A City Council divided over salary and other contract issues on Tuesday hired a retired city manager from San Luis Obispo as Rohnert Park’s interim city manager Tuesday.
John Dunn, who will be paid $15,900 a month plus a $2,000 housing and car allowance, steps into what has become somewhat of a revolving-door position at the head of a city with severe budget problems.
“He’s ready to go and he understands our problems,” said Mayor Pam Stafford.
Under his contract, Dunn, who retired in 2000 after 13 years as San Luis Obispo’s top government official, is guaranteed six months of his one-year contract.
The contract was approved on a 3-2 vote. Council members Amie Breeze and Joe Callinan, who voted against Dunn’s contract, said that with the city already negotiating with a new and permanent city manager, it was too expensive and fiscally unwise.
“The sticker price is pretty surprising to me and in our budget crunch, I don’t feel it would fiscally responsible,” Breeze said.
Callinan said that department heads could rotate through the city manager’s position until it was permanently filled, which he said could take place as soon as in 45 days, and that the terms of Dunn’s contract would hurt the city as it campaigns for a half-cent sales tax measure that proponents say is crucial to its financial viability.

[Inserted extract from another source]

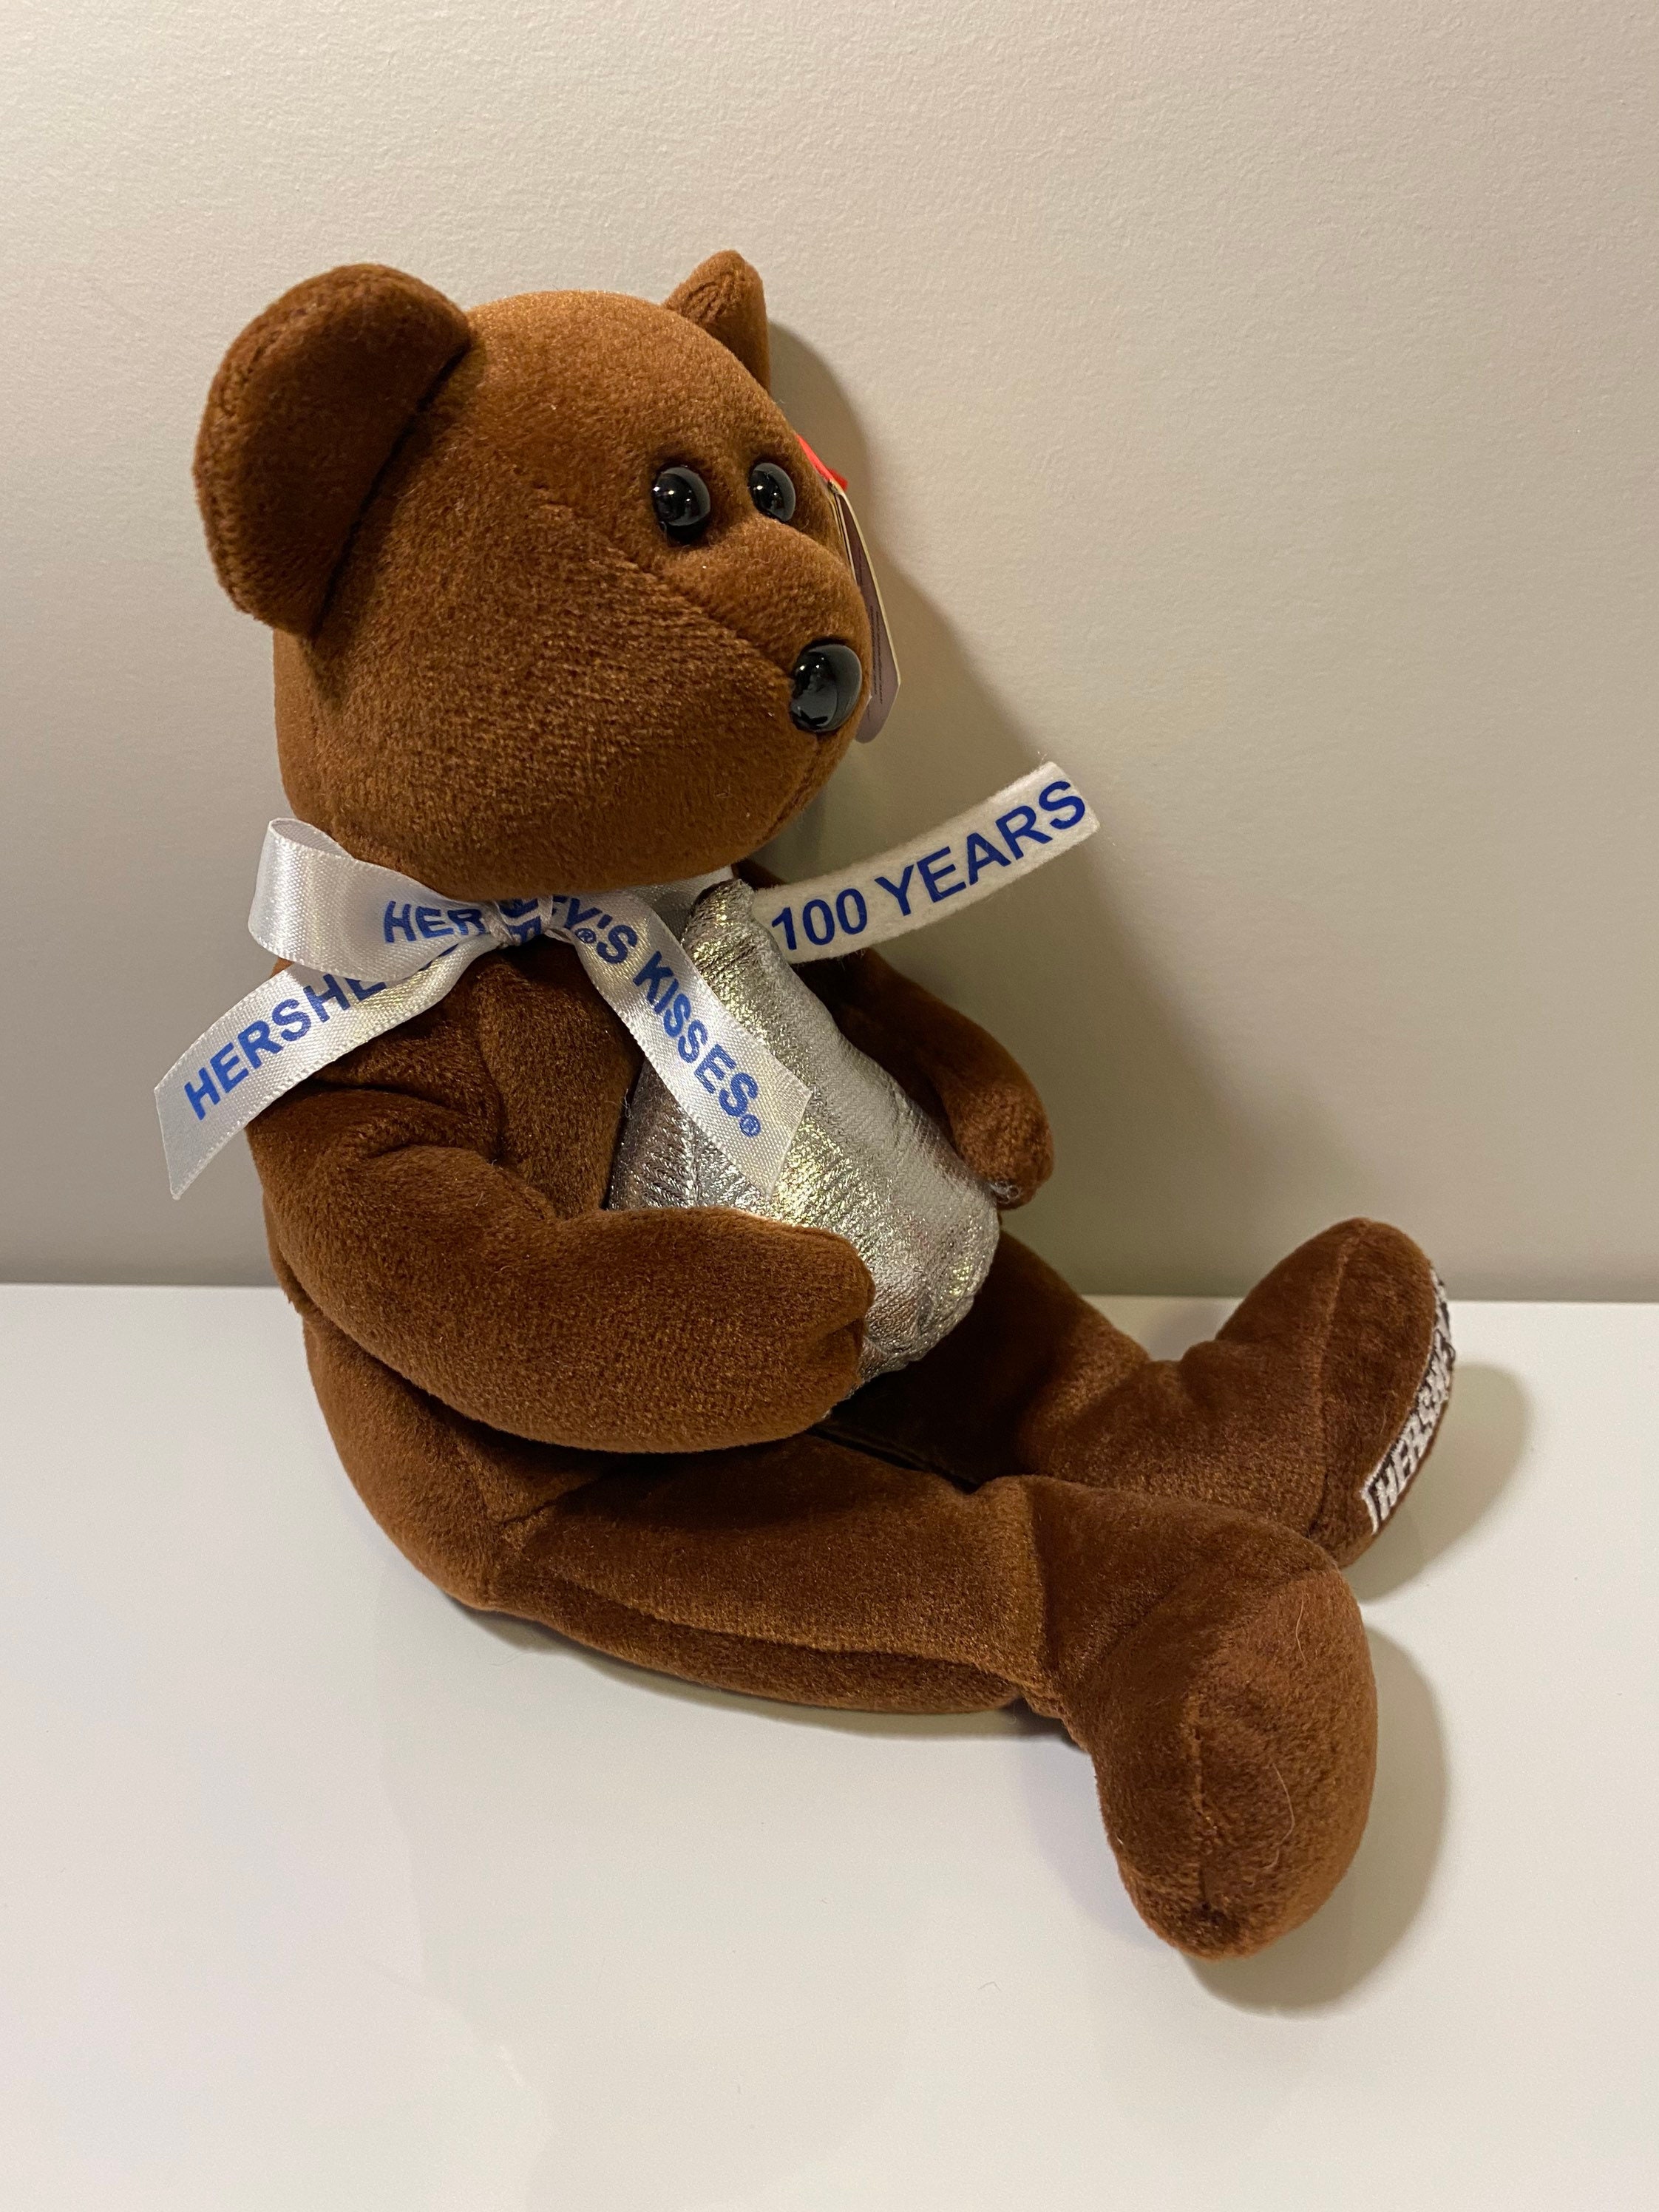 TY Beanie Baby 8.5 inch -MWMTs Walgreen's Excl COCOA BEAN the Hershey Bear

“We’re asking people to sacrifice, to put their money out there, and here we are putting money out the window,” he said. “In my eyes, this would be one of the silliest things this council could do.” Since April 30, Darrin Jenkins, the city’s engineer and development services director, has been serving as acting city manager.
Stafford said that after a year of layoffs and cutbacks, department heads are already stretched to breaking, and could not be expected to effectively take on more work.
“I absolutely do not think that our department heads can be expected to run the city on top of two or three departments,” she said.
In an interview after the vote, Dunn, 74, said he wouldn’t have any trouble working with two council members who think he’s overpaid. “I will work carefully with each council member to address the issues that the city is facing,” he said.
Since his retirement from San Luis Obispo, Dunn also has been an interim city manager in Pismo Beach and Grover Beach.
“I have taken this job on as a challenge to assist the city to deal with the substantial financial challenges they face,” he said Tuesday.
The city faces a budget deficit projected to be about $6 million in the fiscal year that begins in July. The city has cut nearly $6 million in the past nine months in what is now a $26.5 million budget. Officials are now campaigning for Measure E, the half-cent sales tax on the June ballot.
Longtime San Luis Obispo councilman and former mayor Allan Settle said Dunn is a manager who favors two-year budgets and has coped successfully with tough economic times.
Settle said Dunn ran San Luis Obispo’s government in the early 1990s, a time of steep recession during which the state was, as it is today, taking money back from county and city governments to address its own deficit.
“He was always successful in mitigating budget shortfalls,” Settle said. “He knows his business.”
Dunn was assistant city manager of Sunnyvale from 1961 to 1965. In Monterey, he served as assistant city manager from 1967 to 1978 and city manager from 1978 to 1987.
In Rohnert Park, Dunn becomes the fifth top administrator in five years.